In the new research, a team from Advanced Cell Technology and Children's Hospital Boston obtained cow eggs (oocytes) and removed and discarded the eggs' DNA.

In its place, they implanted nuclear DNA from skin cells taken from the ears of adult cows. The cells were then induced to become embryonic cell masses that were transferred into surrogate mother cows for a five- to six-week incubation period.

This step was necessary because researchers do not yet know how to induce bovine embryonic stem cells to become specific organs. Scientists know how to do this with human cells, however, and the cell masses used for human therapeutic cloning would not have to be implanted into surrogate mothers.

Six weeks after implantation, heart, skeletal muscle and kidney cells from the cow embryos were collected and grown in the laboratory. These were then seeded onto three-dimensional scaffolds in the shape of kidneys and other organs. These structures were then implanted into the cows from which the DNA was obtained.

The results were "pretty spectacular," Lanza said. Not only were the tissues not rejected, but they spontaneously grew into functioning organs.

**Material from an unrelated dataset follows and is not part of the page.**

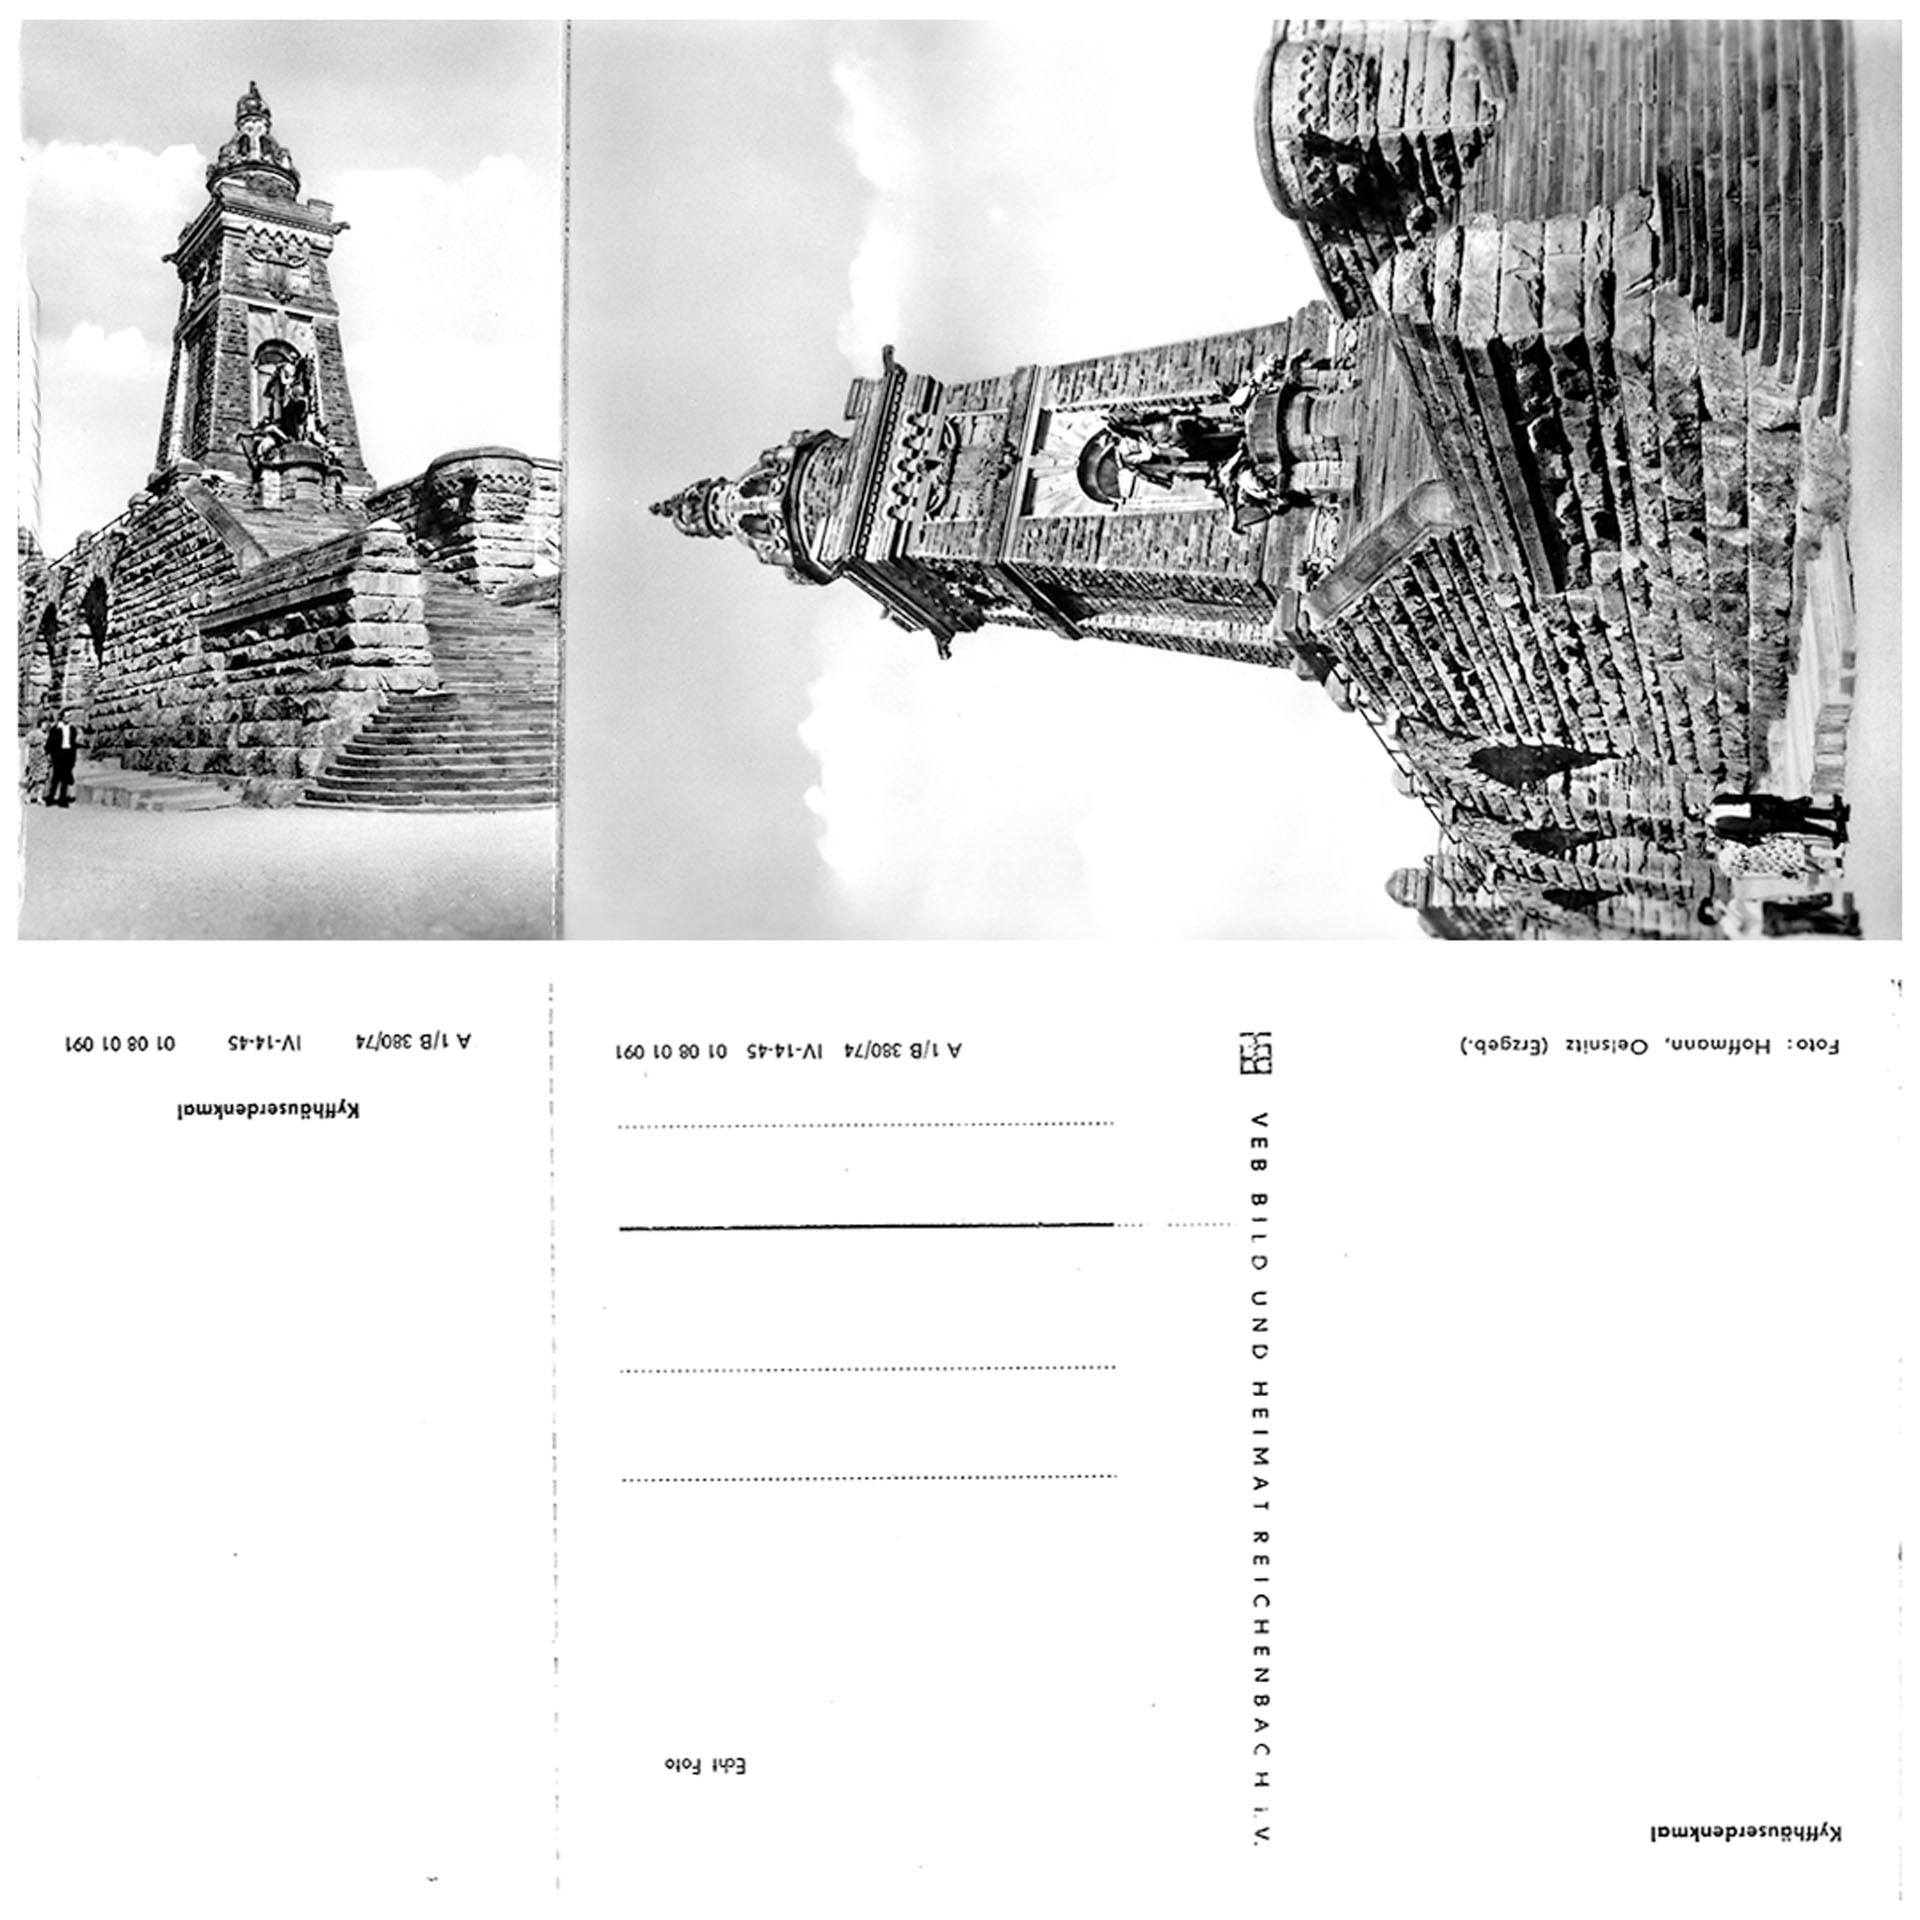 Kyffhäuser-Kyffhäuserdenkmal

The kidney cells, for example, grew into a small kidney that became connected to the body's blood system. These kidneys removed toxic materials from the blood stream with about 60% of a natural kidney's efficiency and dumped them into a straw-colored urine, Lanza said.

The kidneys also produced critical hormones and vitamins that are normally produced by the natural organs.

The next step, said Atala, is to grow larger organs that might be used to replace the natural kidneys. "This was just a first step, and there is still a lot of work that needs to be done," he said. "It's hard to predict a time scale now."